- _PROBLEM REQUIREMENTS_
Repeat the lines of the data exactly and exclude any picture among them.

- _INFORMATION SHOWN_
============================================================
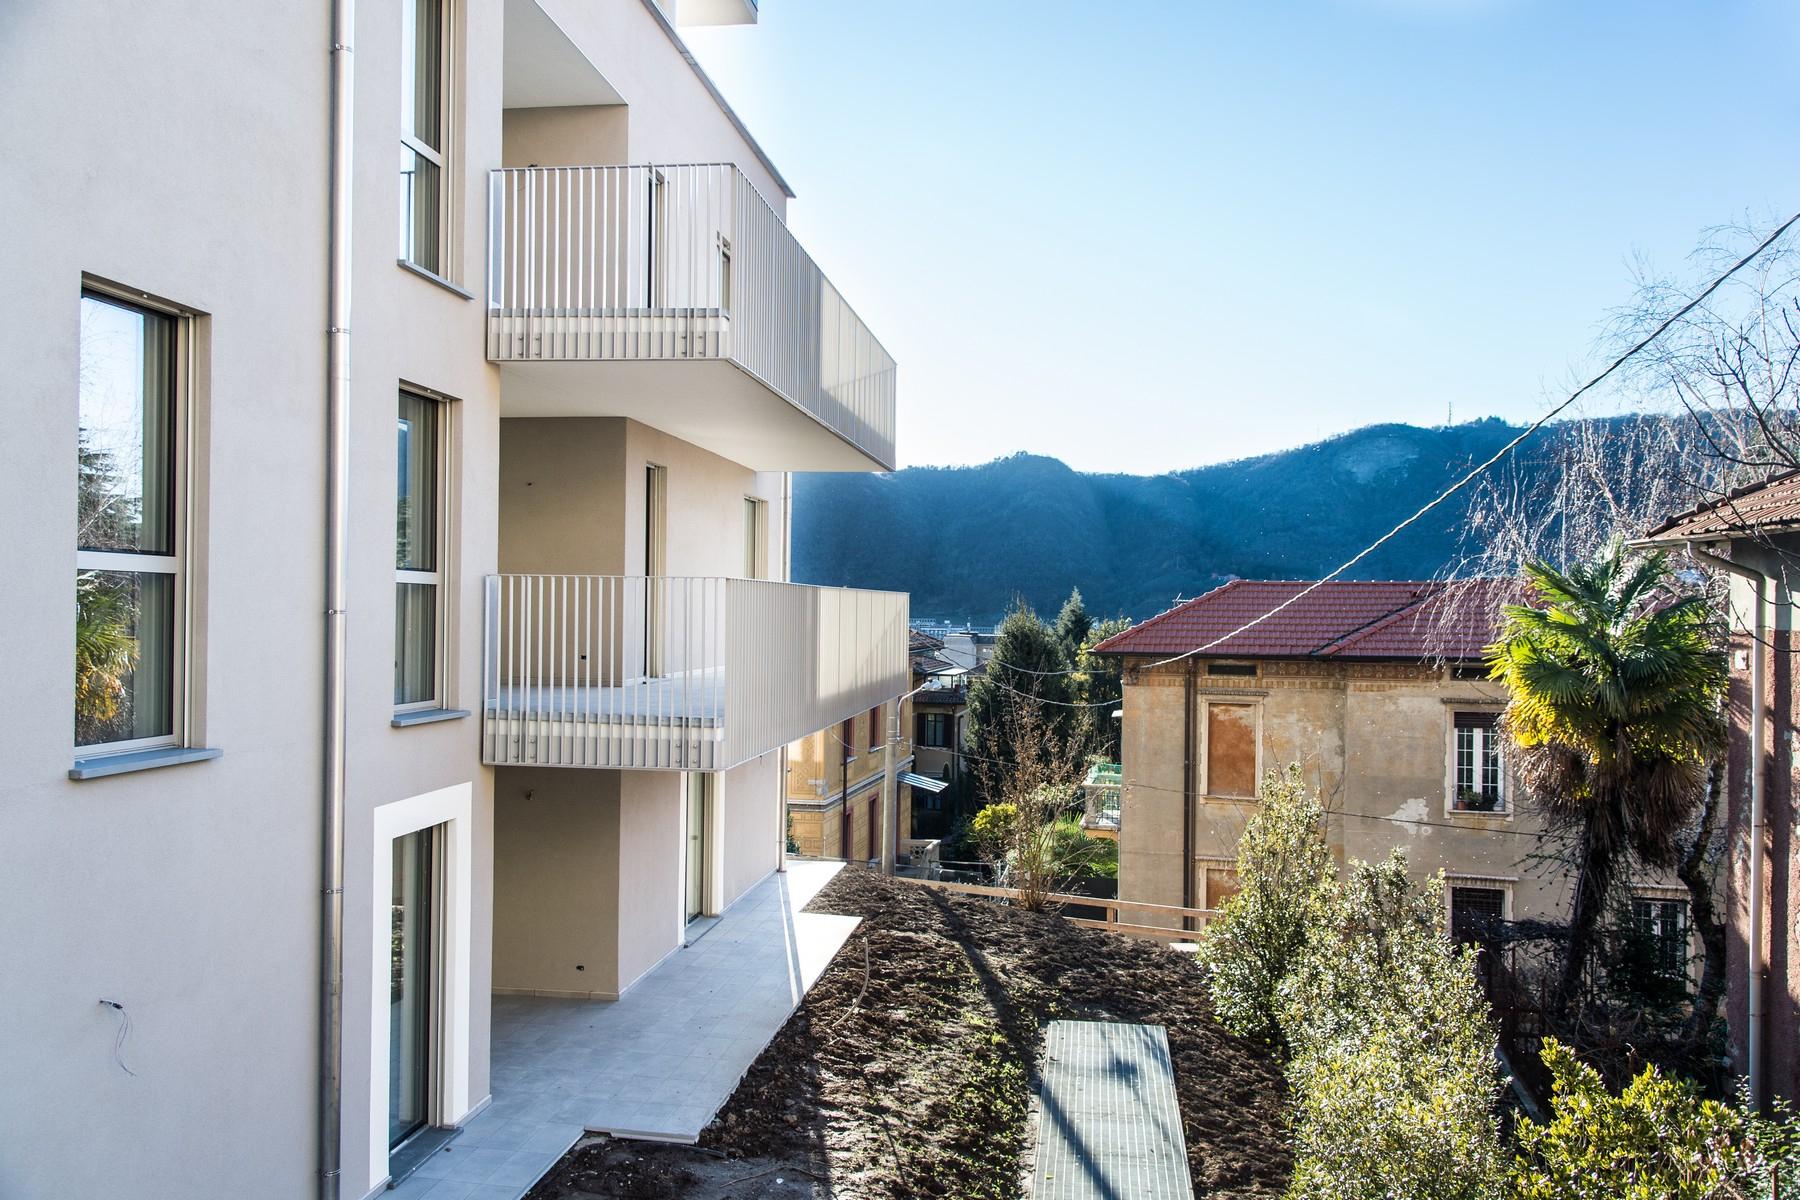 Appartamento in Vendita a Como: 5 locali, 140 mq - Foto 5
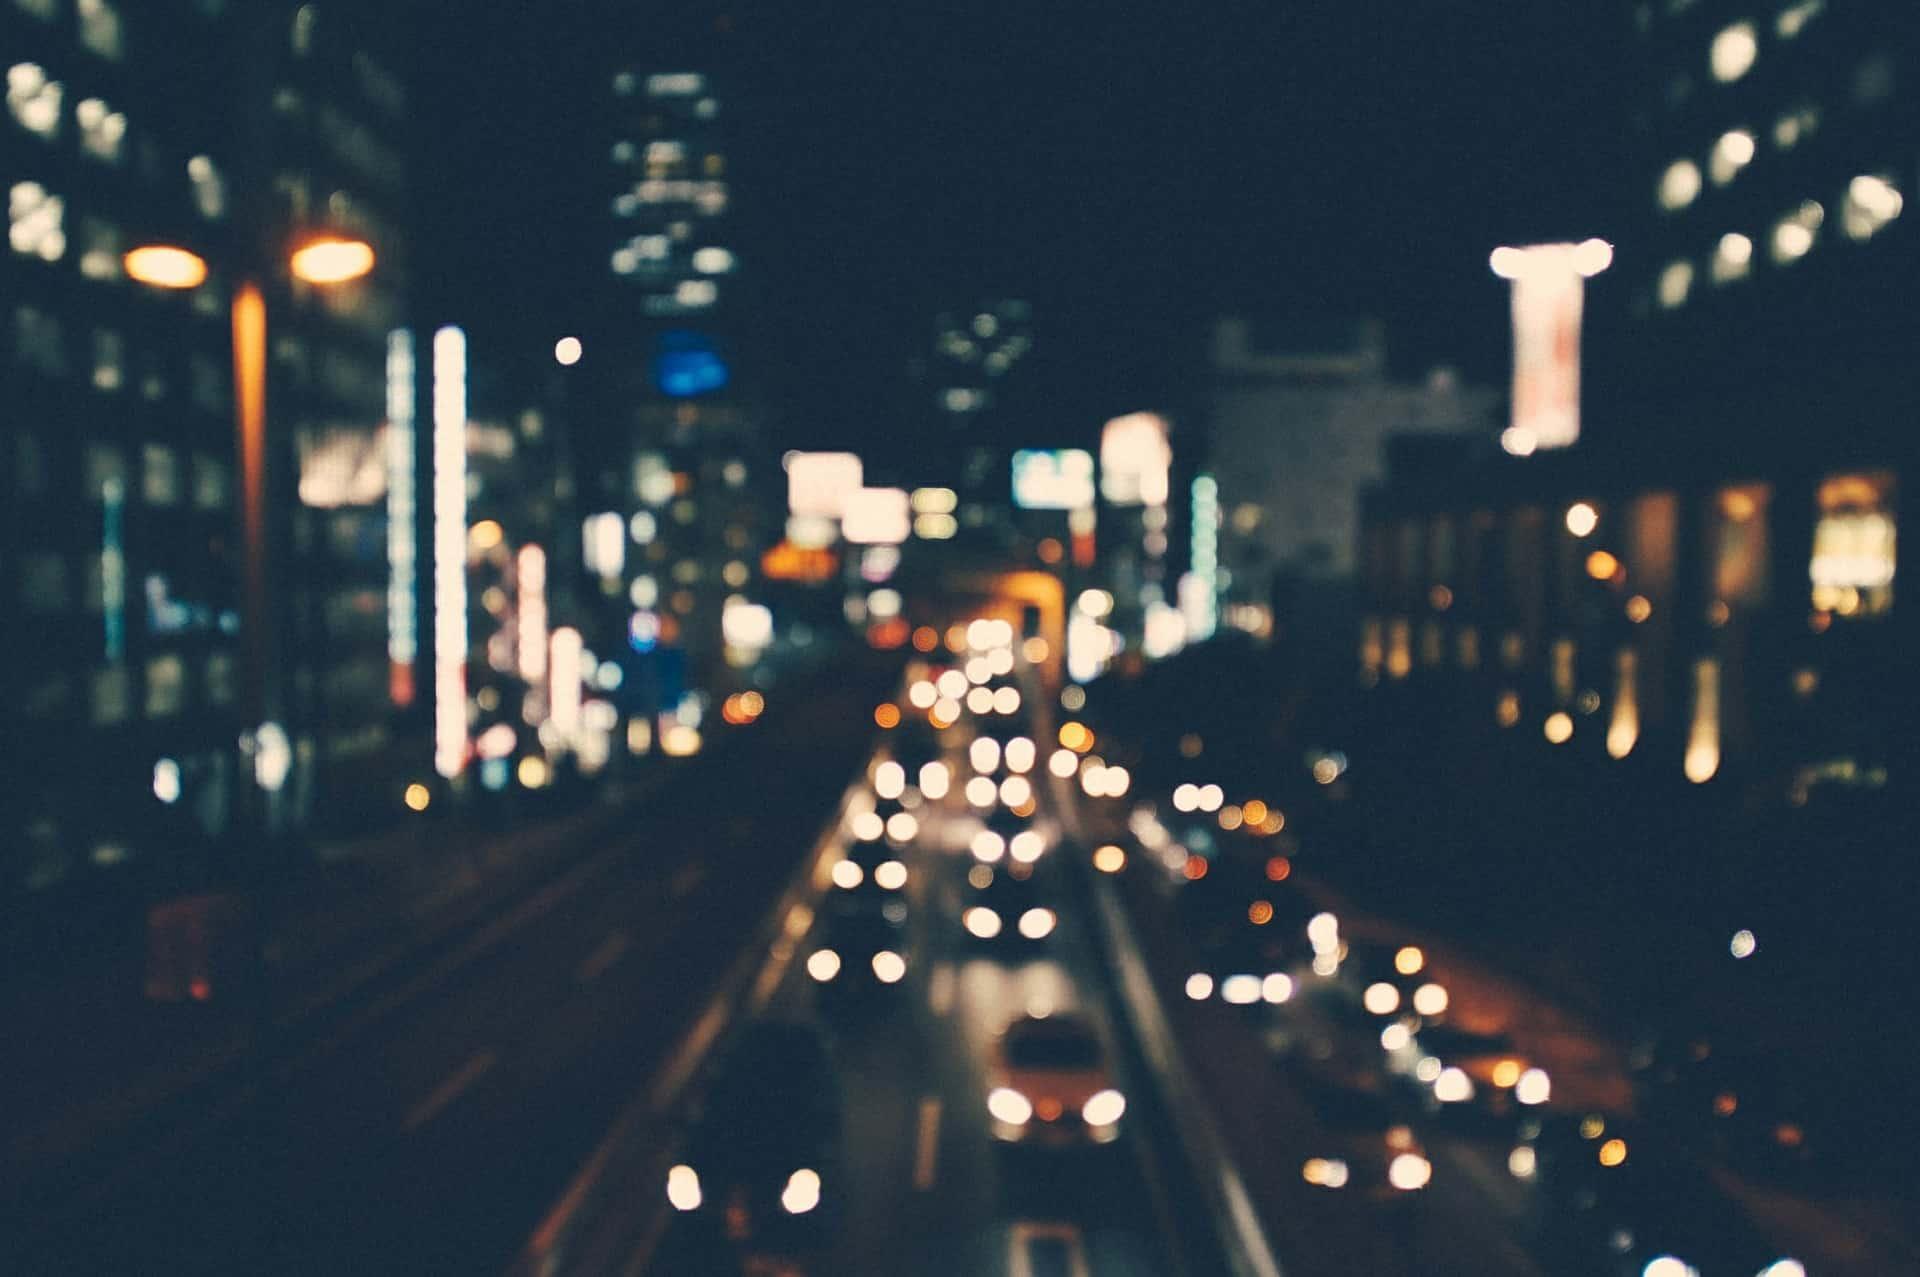 Sumea kuva öisestä kaupungista
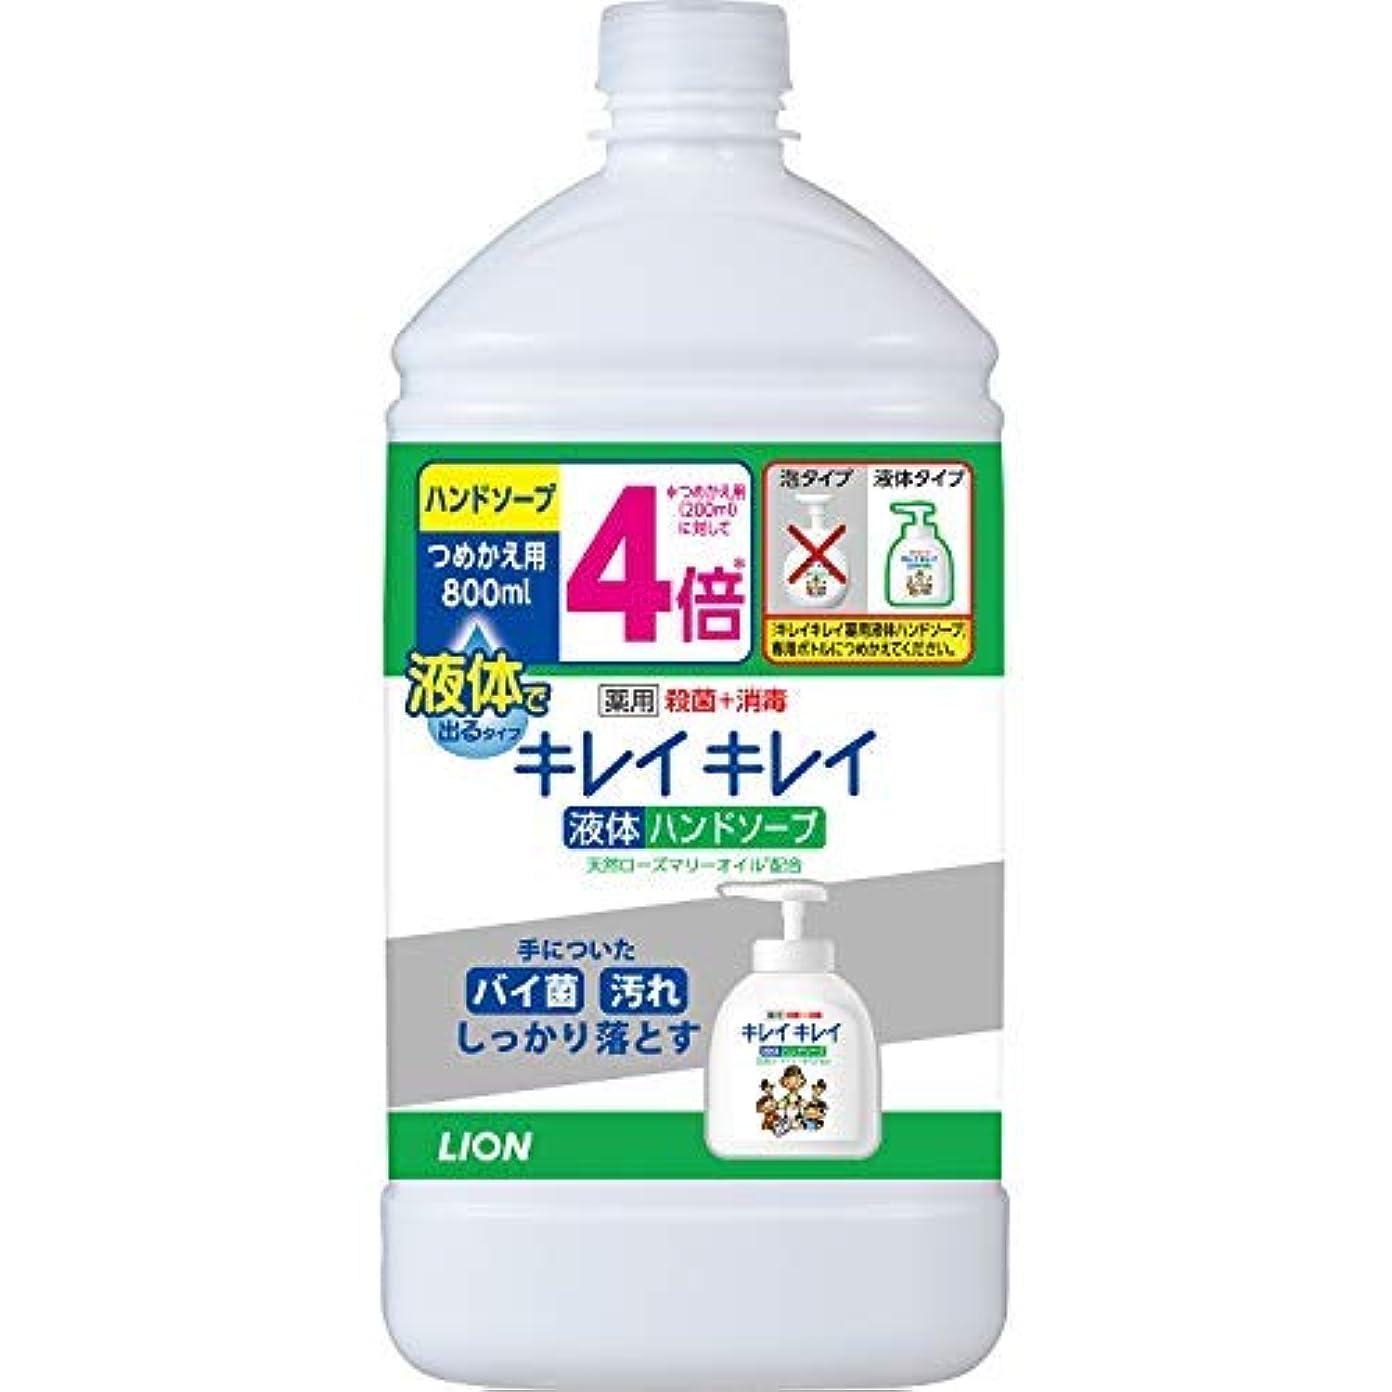 カルシウム品種資源キレイキレイ 薬用液体ハンドソープ つめかえ用特大サイズシトラスフルーテイ × 8個セット
============================================================
- _REPLY TO THE TASK_
 Appartamento in Vendita a Como: 5 locali, 140 mq - Foto 5
 Sumea kuva öisestä kaupungista
 カルシウム品種資源キレイキレイ 薬用液体ハンドソープ つめかえ用特大サイズシトラスフルーテイ × 8個セット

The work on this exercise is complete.